If MNist turns out to be retracted, would we have to remove all the papers that used it over their years? That's about as deep as a citation can get into being fundamental and integral to a paper. And even in that case nearly any paper operating in that dataset will also be using other datasets. Sure, ignore a paper that only evaluates on a single retracted dataset, but why even bother retracting, as the paper would be ignored anyway, because what significant paper would use a single benchmark?

But 99.9% of citations have less bearing on a paper than being a fundamental dataset used to evaluate the claims in the paper. And those citations are inherently well-tested work product already.

So if people actually care about science, they would never even propose such a scheme. They would bother to at least understand what a citation was first.

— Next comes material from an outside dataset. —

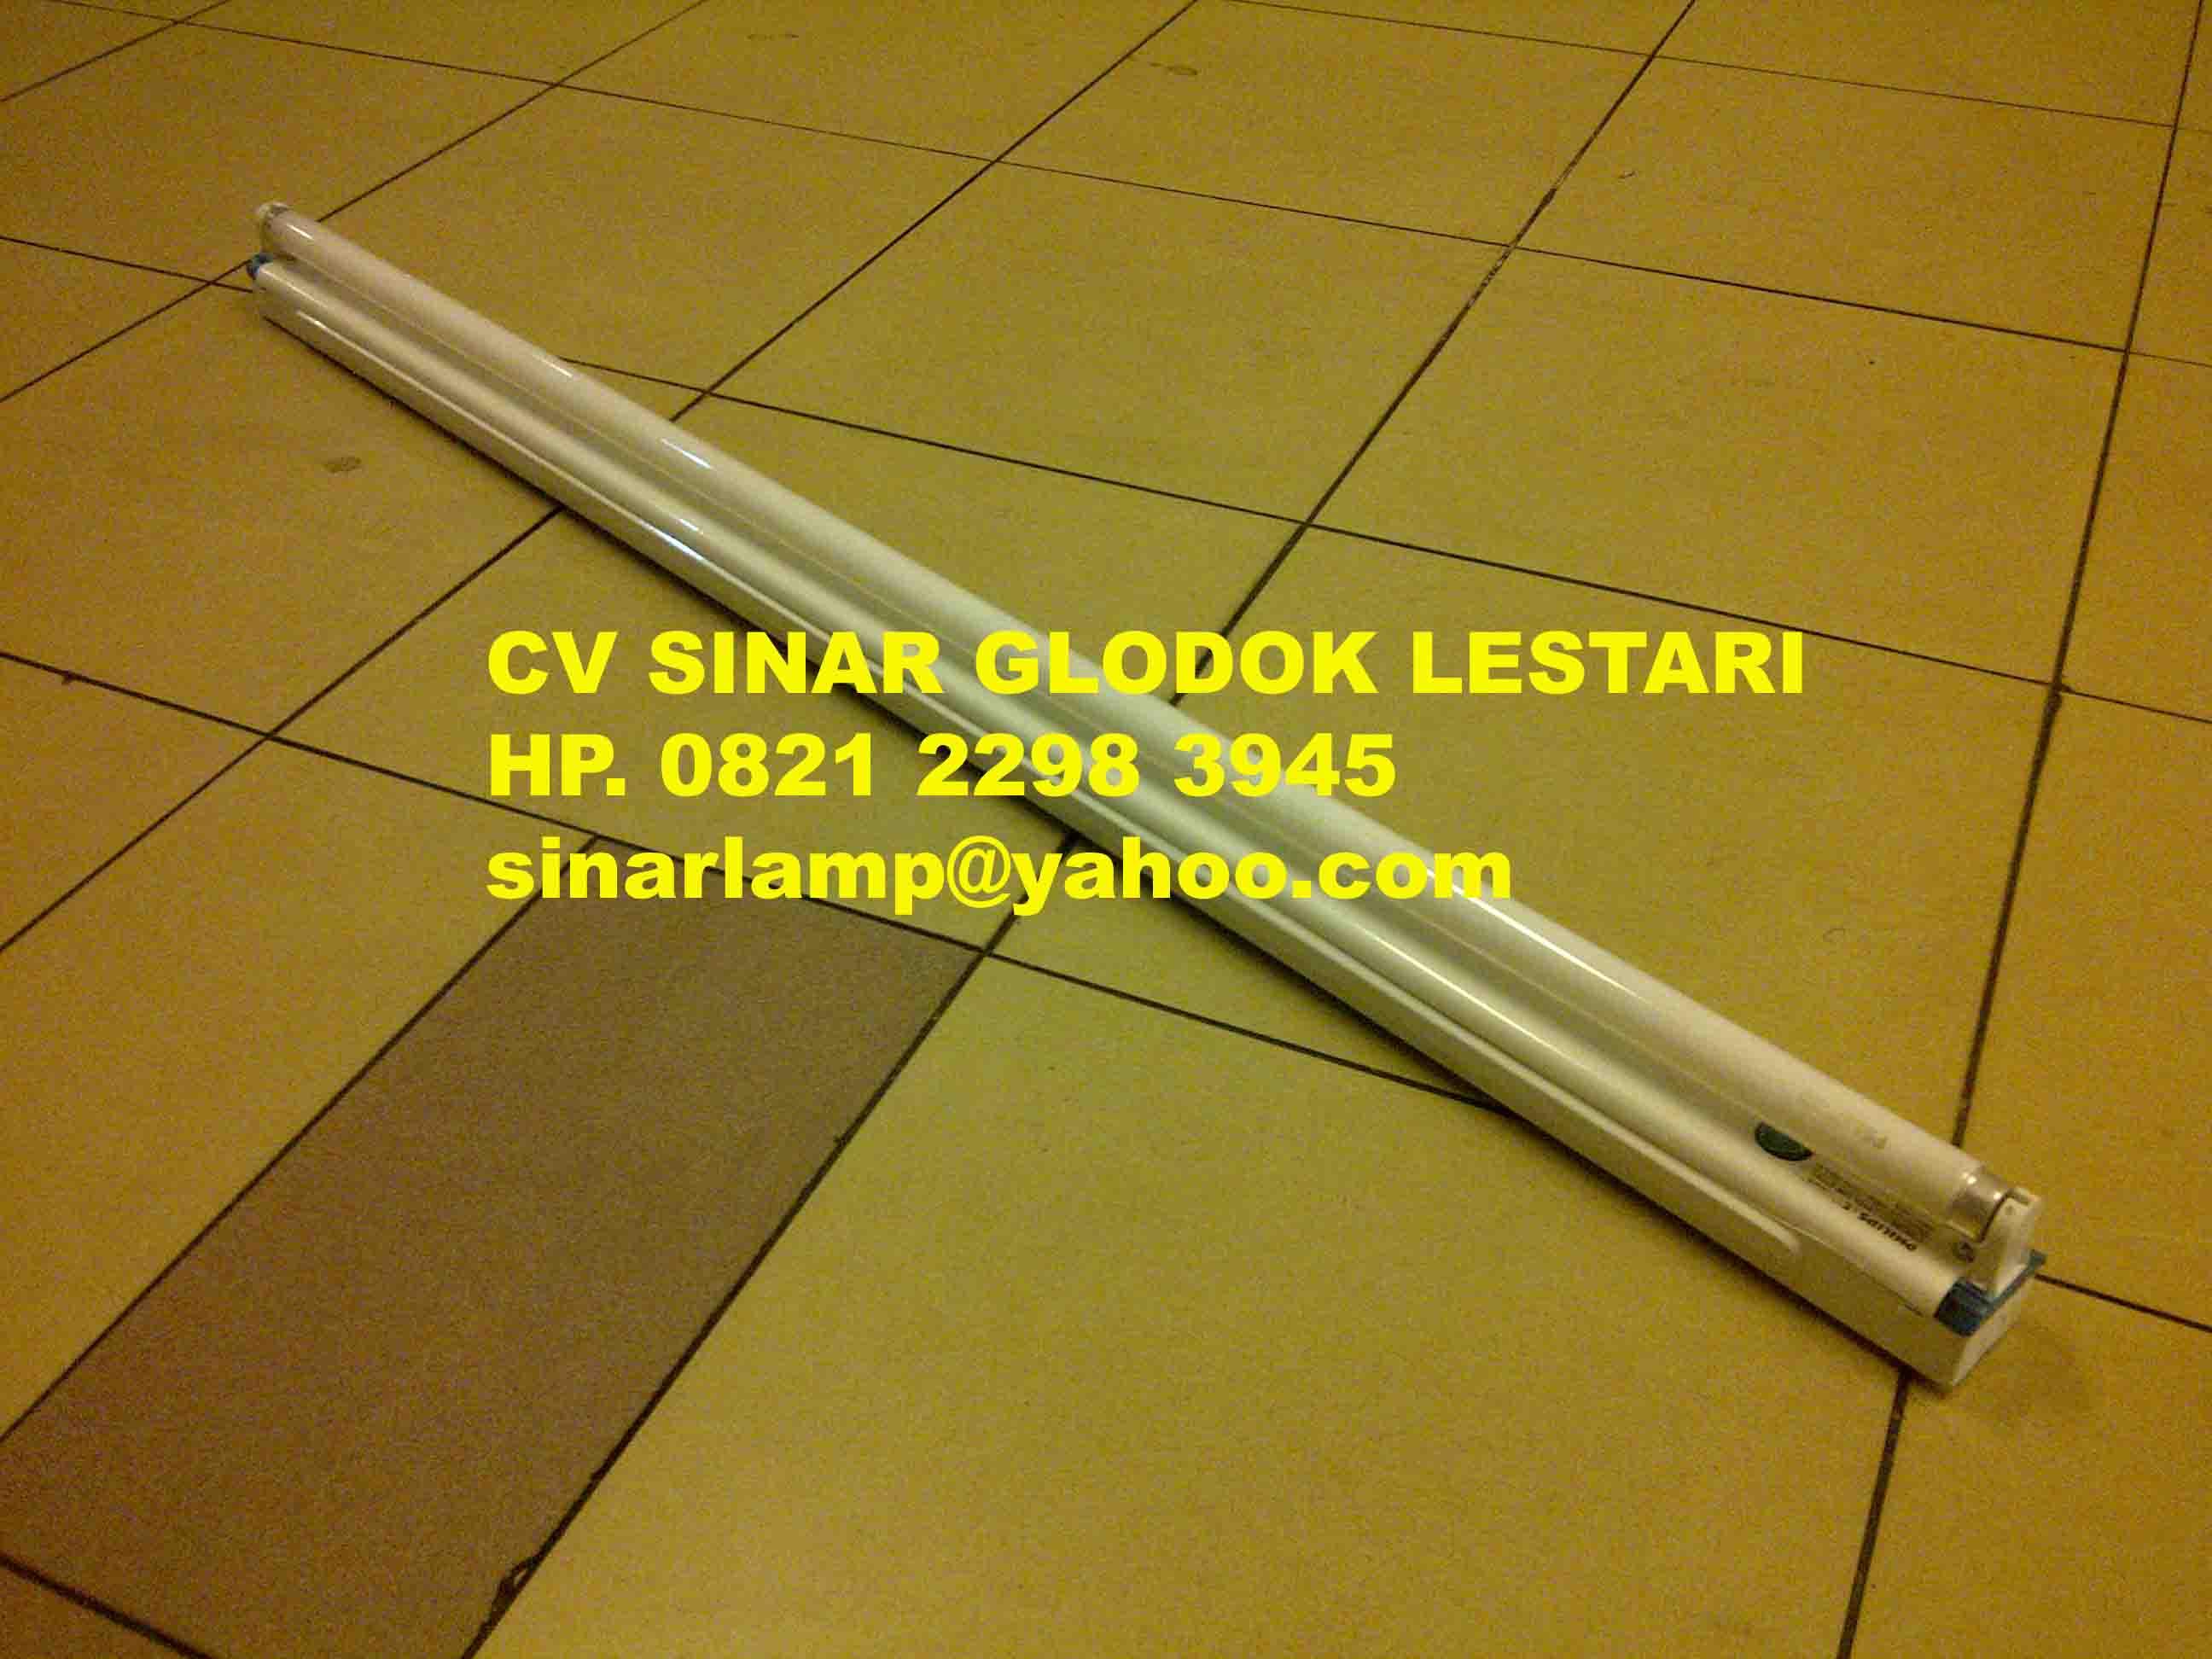 Kap Lampu TL Balok Simbat 36W TMS012 PHILIPS
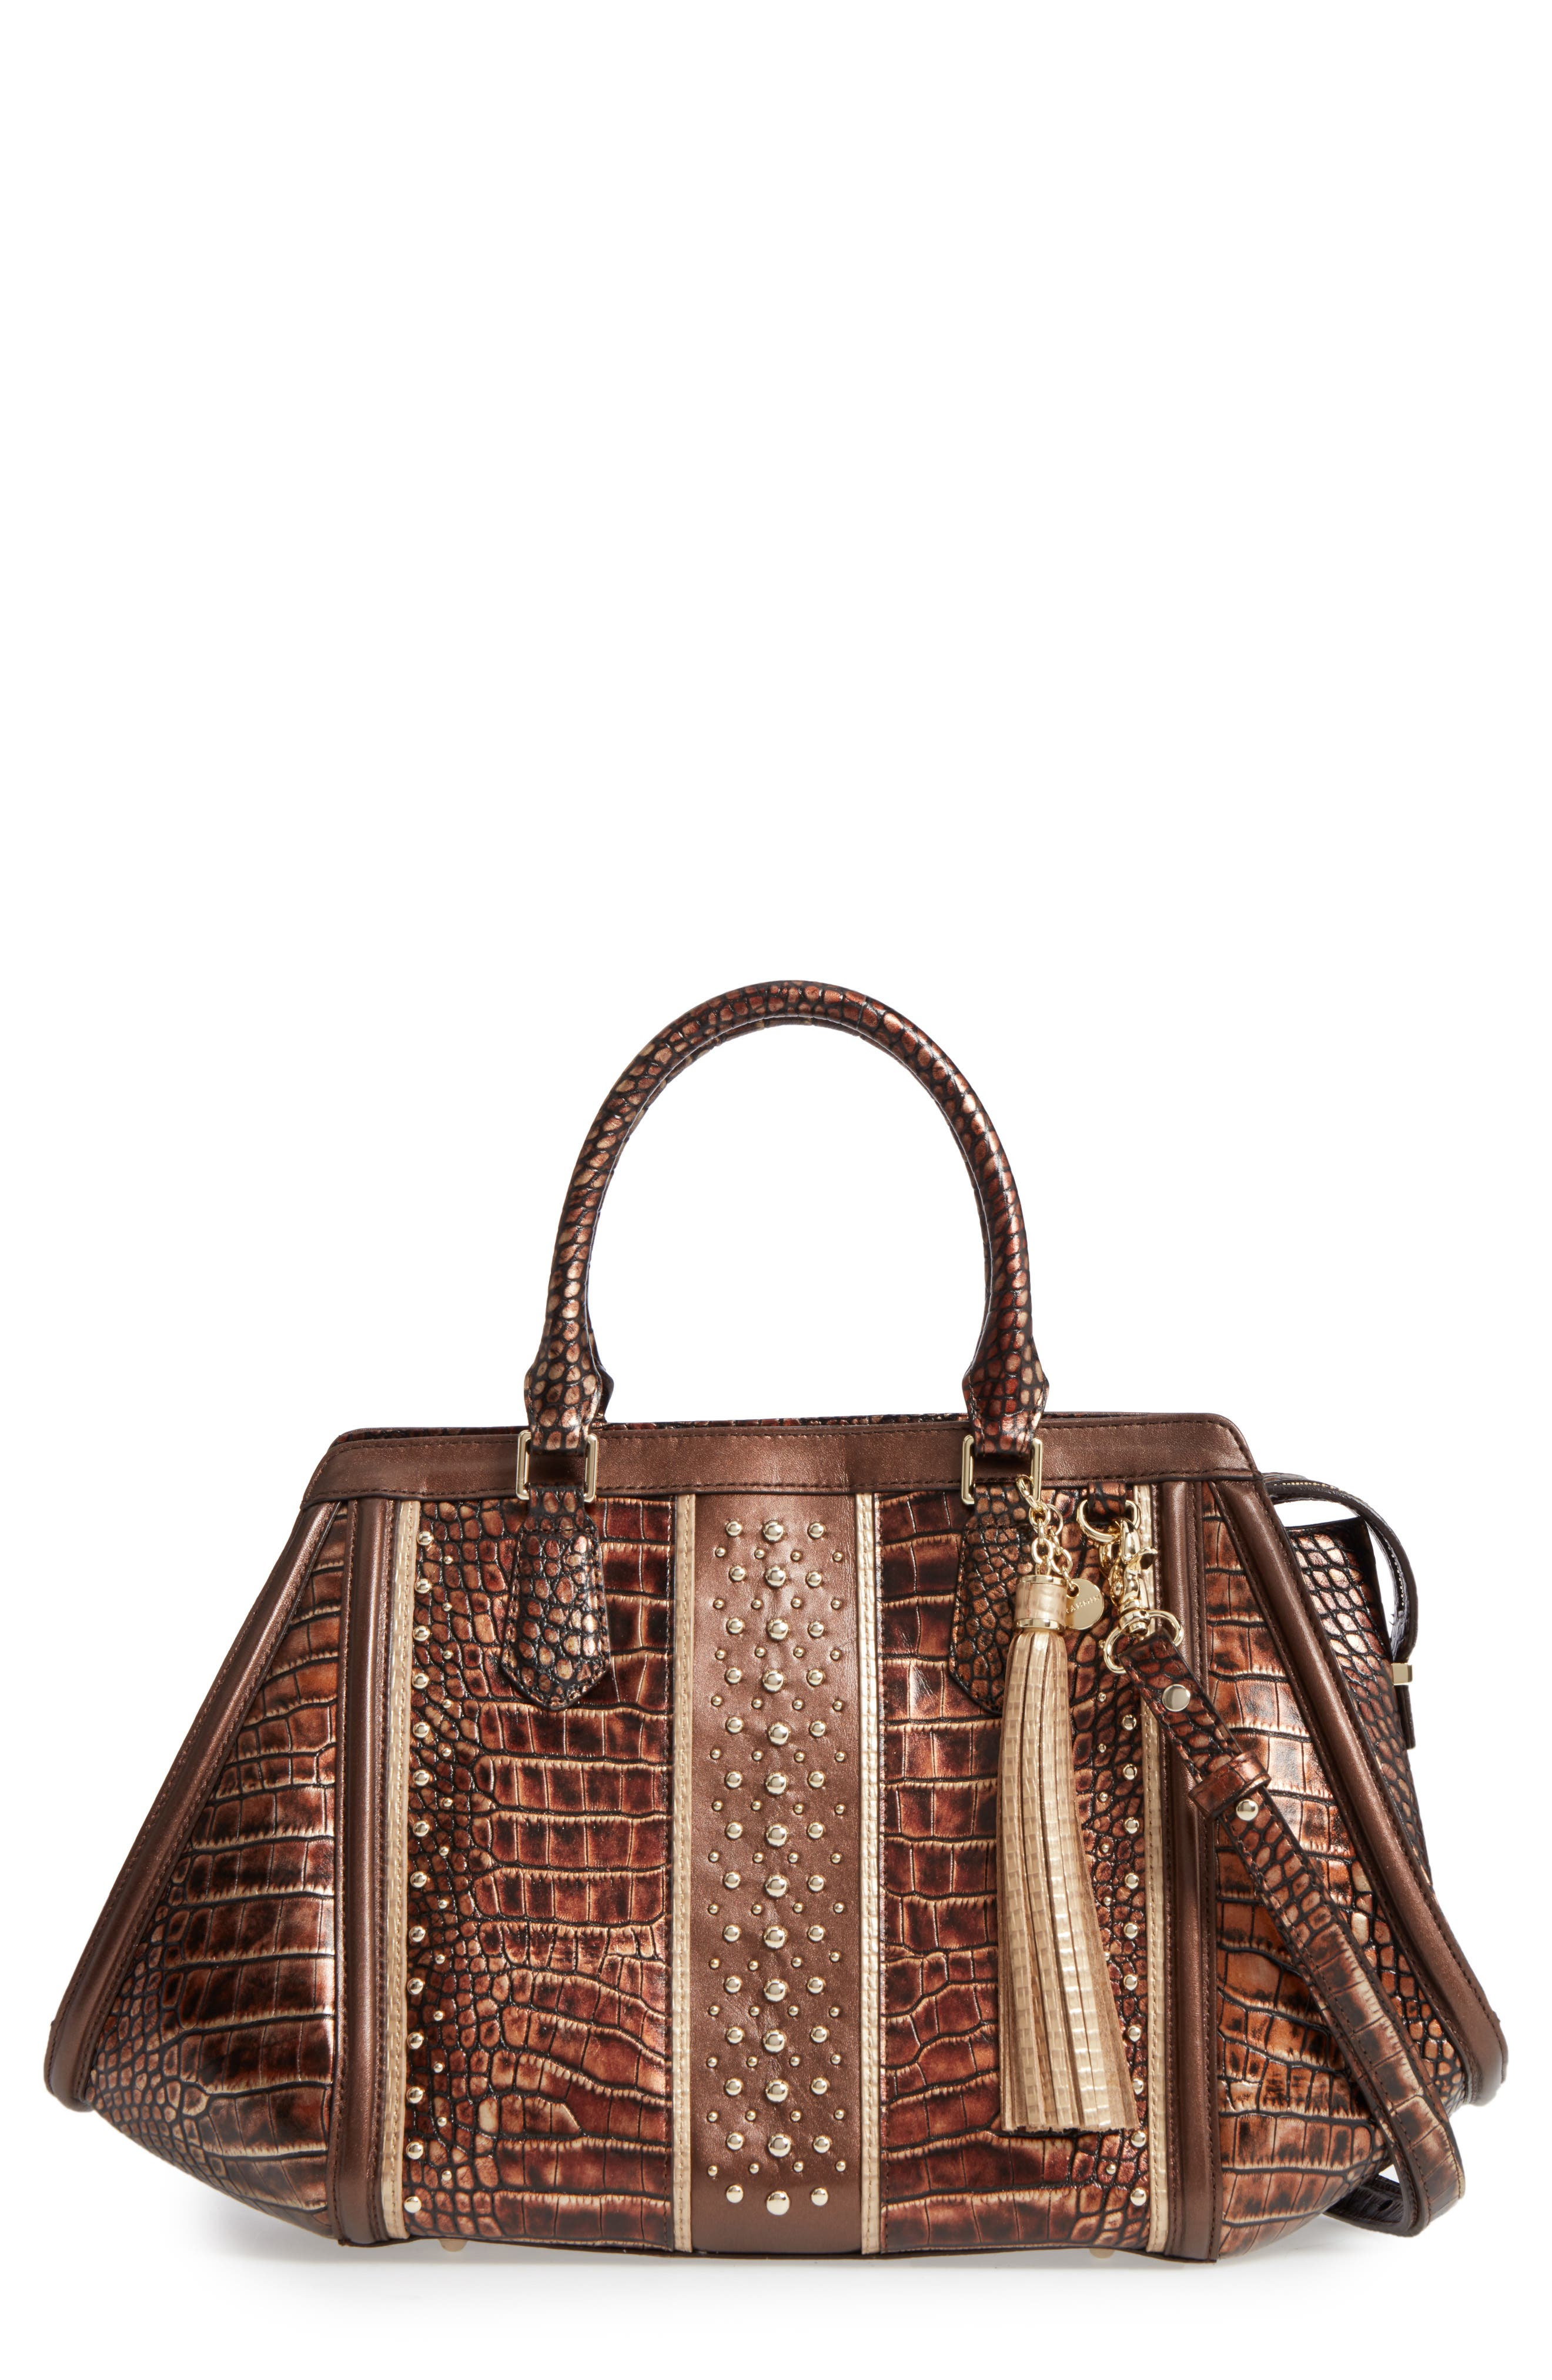 Alternate Image 1 Selected - Brahmin Milan Arden Embossed Leather Satchel

You might not be at fault but your work depends on that wrong work, so your work is probably wrong too and readers should be aware of that. If it doesn't depend on it, then don't cite it! People cite the most ridiculous crap, especially in introductions listing common sense background knowledge with a random citation for every fact. That stuff doesn't really affect the paper so it could just be couched in one big "in my opinion" instead.
Academic papers have to cite related research to situate their contribution, even if they're not directly building on that research. When researchers can't reproduce a paper's results, they have to cite that paper when reporting that, or no one will know what they're talking about and the bad paper cannot be refuted. The whole system also needs many compare and contrast citations that aren't built on directly or at all, so you know what a paper is doing and not doing.
Yea, I hadn't really considered those kinds of citations. I was thinking of the piles of worthless citations that authors often put in simply because they're supposed to cite every fact, even if it's something that's common sense which they're not treating critically and doesn't affect their own work so they just did a quick search for any paper that made that claim.
> but your work depends on that wrong work, so your work is probably wrong

No, absolutely not, that's pure fallacy.

There might be some small subset of citations that work like a mathematical proof, but how many of these 4500 citations could you find that operate that way?

> There might be some small subset of citations that work like a mathematical proof

And even then, you're just weakening the result, not throwing it out entirely: instead of a proof of X that cites a proof of Y, you have a proof that Y implies X.

Cascading invalidate. I don’t think it should disappear, I think it should be put in deep storage for future researchers doing studies on misinformation propagation.